TO DO: Return the listing verbatim, images left out.

DATA BLOCK:
Start of Block
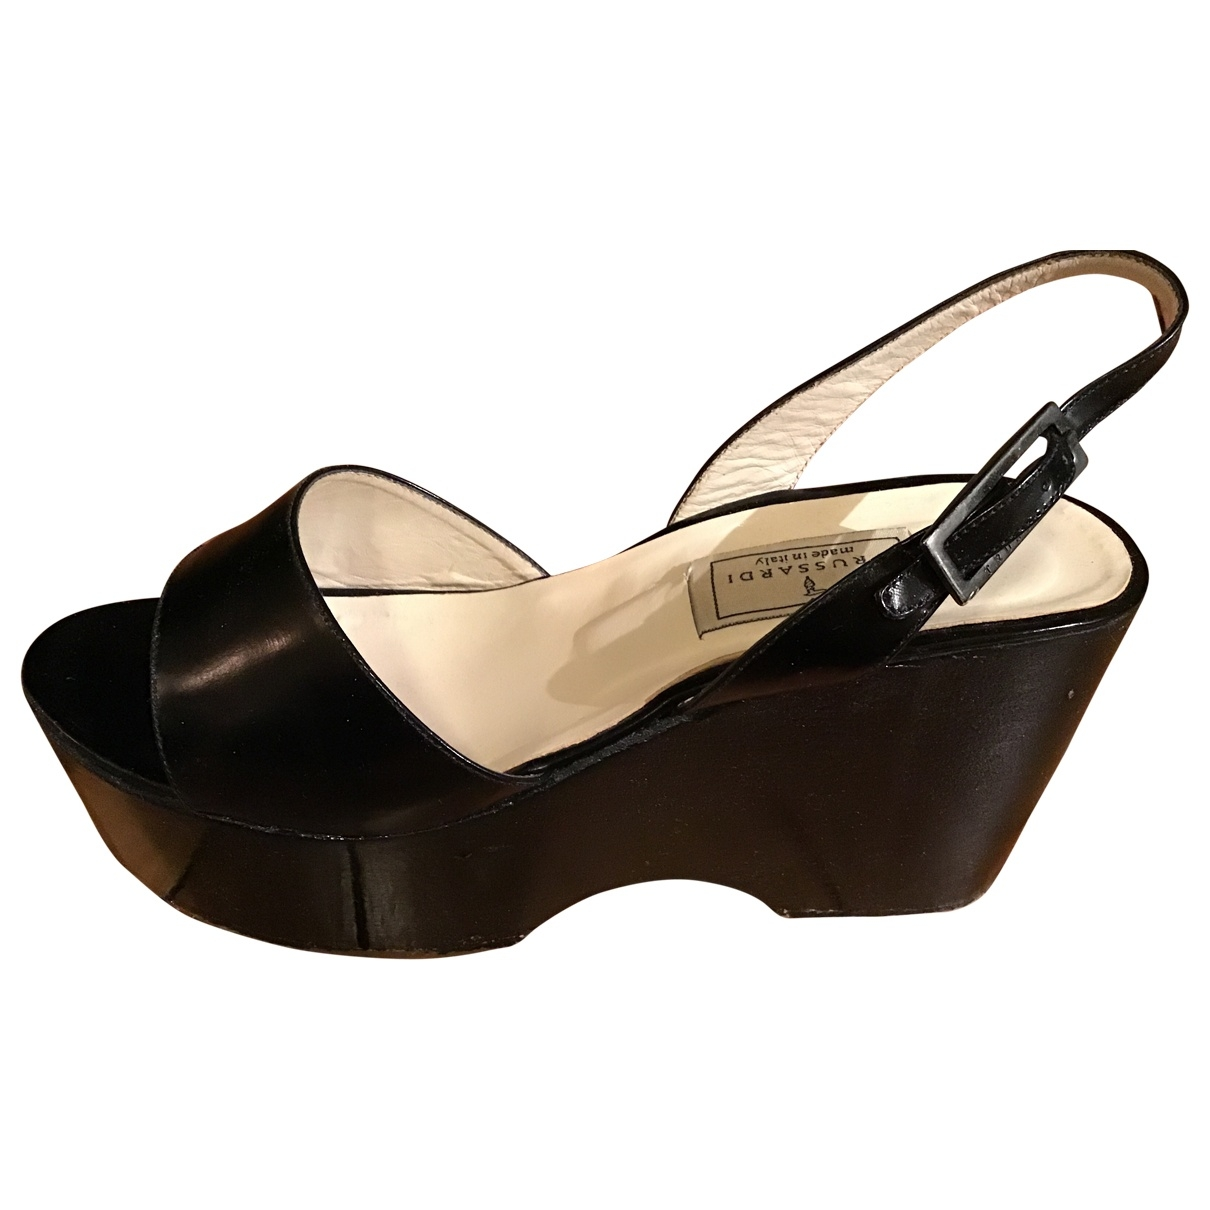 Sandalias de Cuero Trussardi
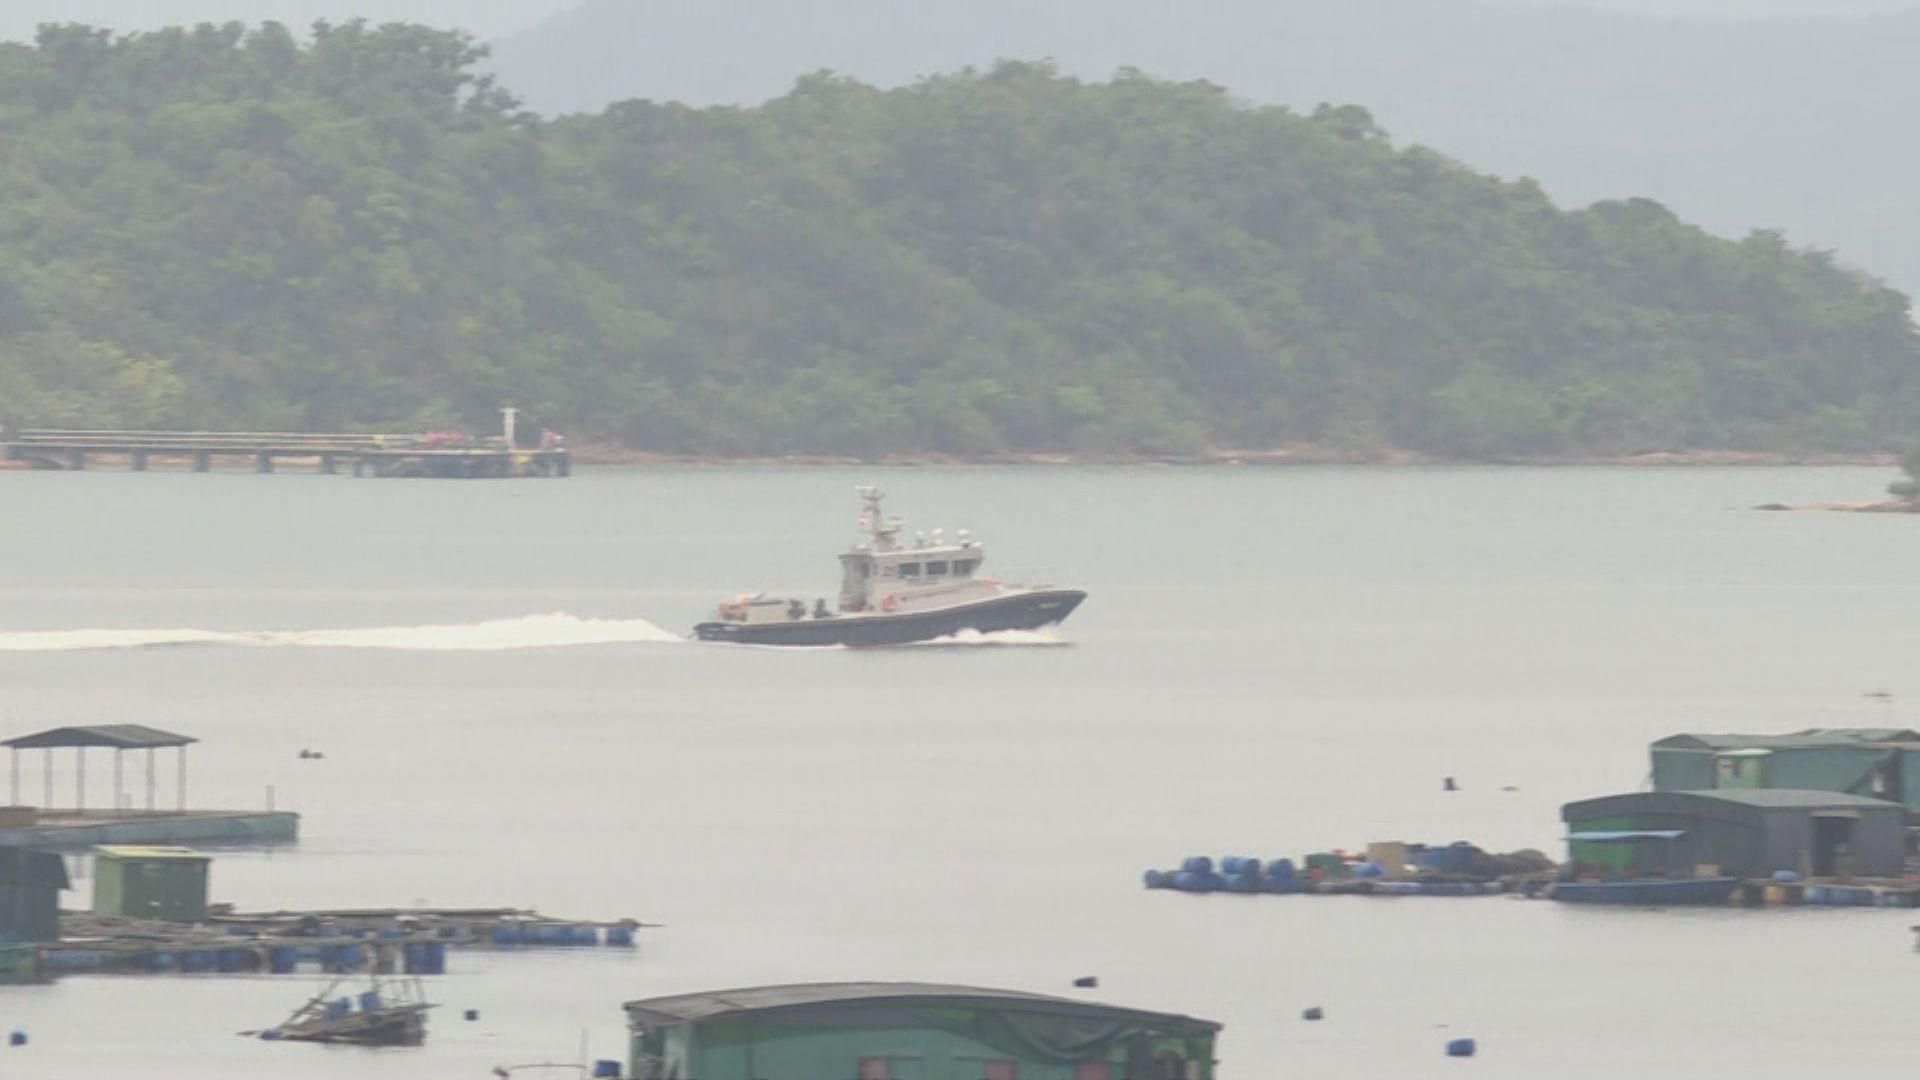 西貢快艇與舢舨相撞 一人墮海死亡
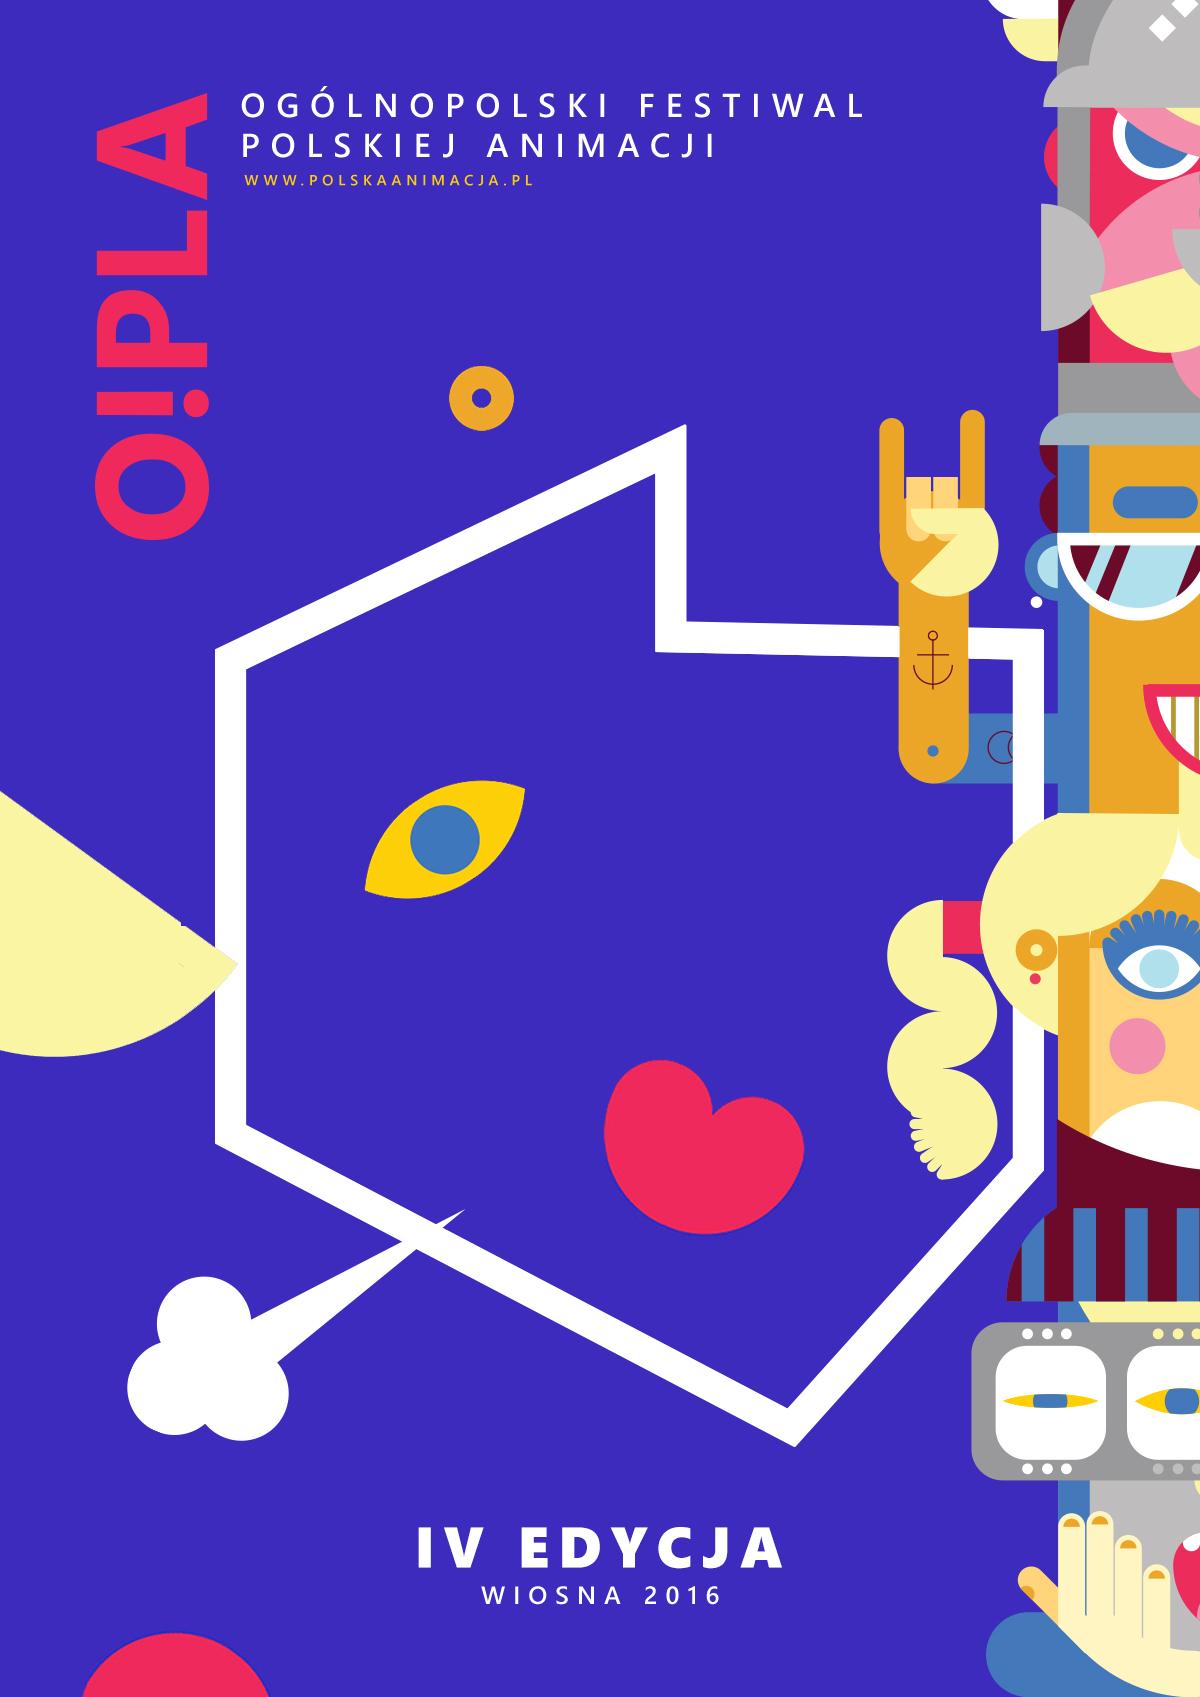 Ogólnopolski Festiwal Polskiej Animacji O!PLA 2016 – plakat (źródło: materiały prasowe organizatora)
End of Block
TASK OUTPUT:
 Sandalias de Cuero Trussardi
 西貢快艇與舢舨相撞 一人墮海死亡
 Ogólnopolski Festiwal Polskiej Animacji O!PLA 2016 – plakat (źródło: materiały prasowe organizatora)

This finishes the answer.